Crainte d’une extension de la fièvre séparatiste
Empêcher l’émergence d’une région autonome kurde syrienne est la priorité des autorités turques, qui craignent une extension de la fièvre séparatiste aux Kurdes de Turquie. Avant tout, le fait que les Forces démocratiques syriennes (FDS), dirigées par des combattants kurdes, soient inféodées au Parti des travailleurs du Kurdistan (PKK), qui mène une lutte armée pour l’autonomie des Kurdes de Turquie, est ce qui guide l’action d’Ankara.
L’autre point sensible aux yeux des Turcs est le soutien apporté par Washington aux FDS, entraînés par 900 soldats américains présents dans l’est de la Syrie. Un contingent que M. Erdogan souhaiterait voir quitter le pays, ce qui demeure un vœu pieux pour le moment. « Les Etats-Unis maintiendront leur présence dans l’est de la Syrie et prendront les mesures nécessaires pour empêcher une résurgence de l’Etat islamique », a déclaré, dimanche, Daniel Shapiro, secrétaire adjoint à la défense américain pour le Moyen-Orient. Le secrétaire d’Etat américain, Antony Blinken, se rendra à Ankara vendredi, a affirmé, mercredi matin, une source officielle turque, citée par l’Agence France-Presse.

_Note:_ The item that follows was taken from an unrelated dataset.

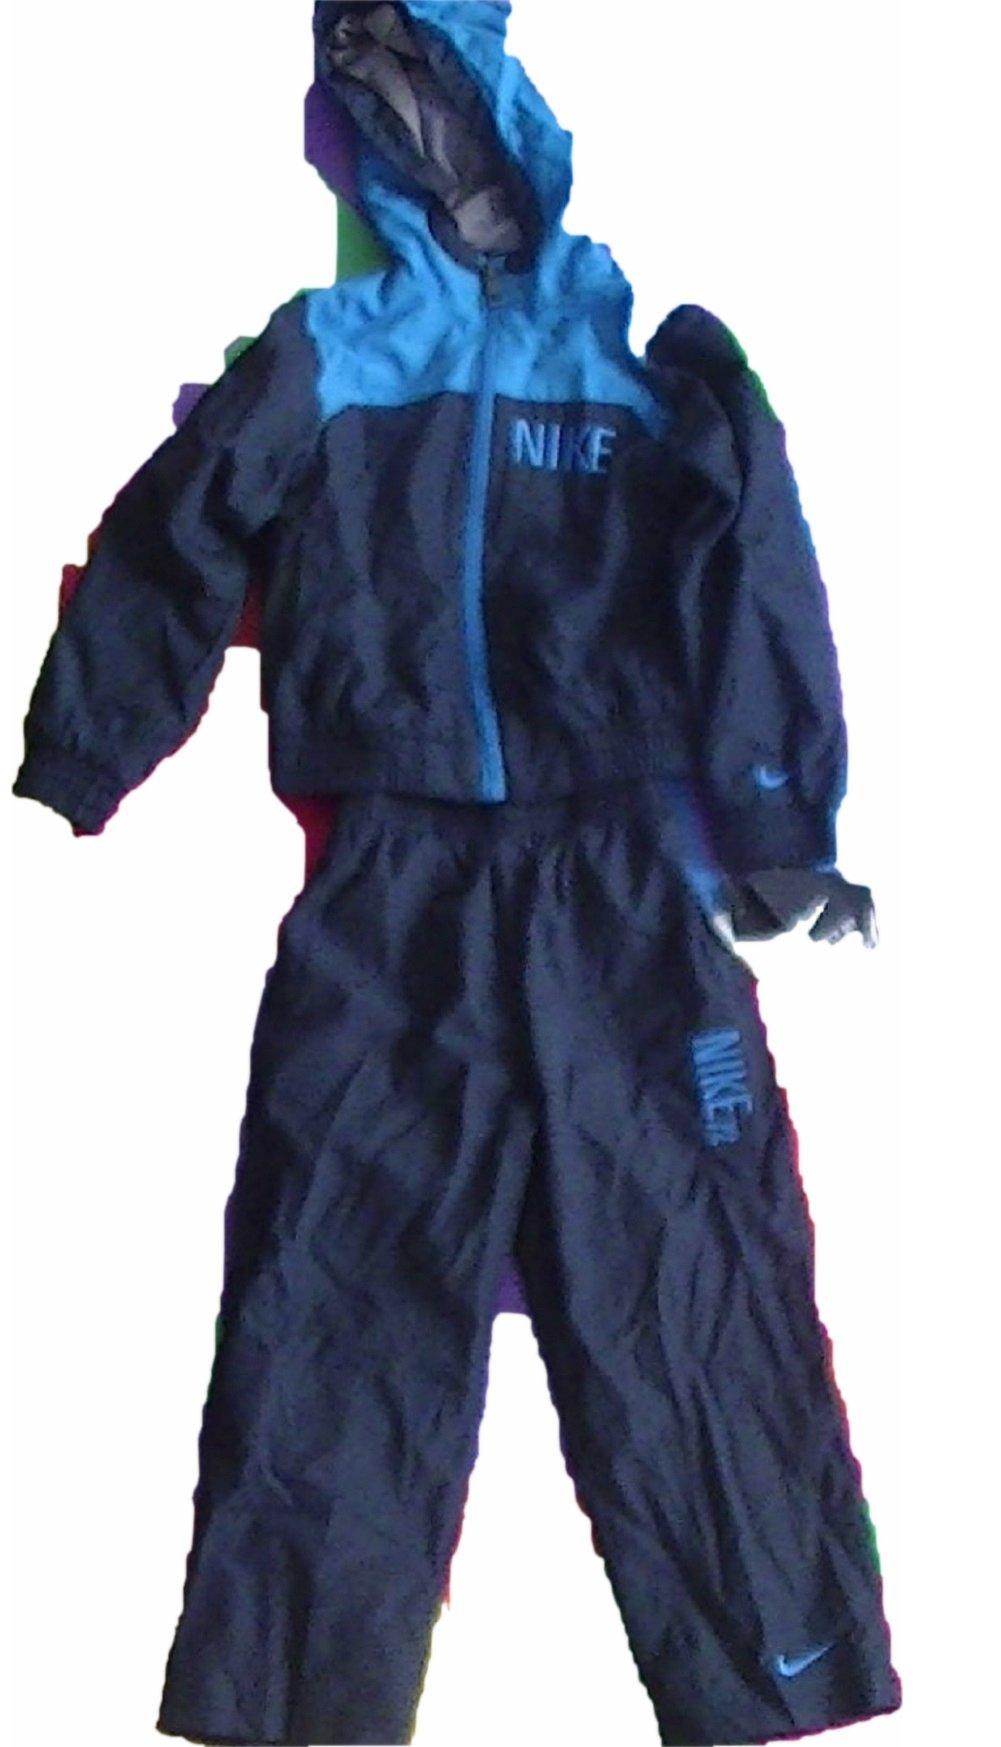 NIKE 2 Piece Toddler Sweatsuit 4 … by NIKE

Le sénateur républicain Lindsey Graham a pour sa part menacé Ankara de sanctions en cas d’exactions envers les combattants kurdes, tout en approuvant son projet expansionniste. « La Turquie mérite d’avoir une zone tampon démilitarisée entre le nord-est de la Syrie et la Turquie pour protéger ses intérêts », a-t-il écrit dans un message posté lundi sur son compte X.
« Nous soutenons l’idée de la zone tampon, à condition que des forces internationales y soient déployées, et que la Turquie n’y joue aucun rôle, car son objectif est de s’attaquer aux Kurdes et de briser leur administration, comme cela a été le cas à Afrin [où, en 2018, l’armée turque et ses affidés ont chassé la milice kurde des Unités de protection du peuple] et dans plus de 200 villages et villes kurdes dans la campagne autour du nord d’Alep », rappelle Ahmad Arag.
« Tout est possible »
Enclins aux concessions envers leur allié de l’OTAN, les Américains ont négocié, lundi, avec les Turcs le départ des Kurdes syriens de la ville de Manbij, située à 40 kilomètres de la frontière turque. Il s’agit donc d’un feu vert donné à l’élargissement de la zone tampon, souhaité par la Turquie. Les Kurdes seraient-ils en passe d’être lâchés par les Américains ?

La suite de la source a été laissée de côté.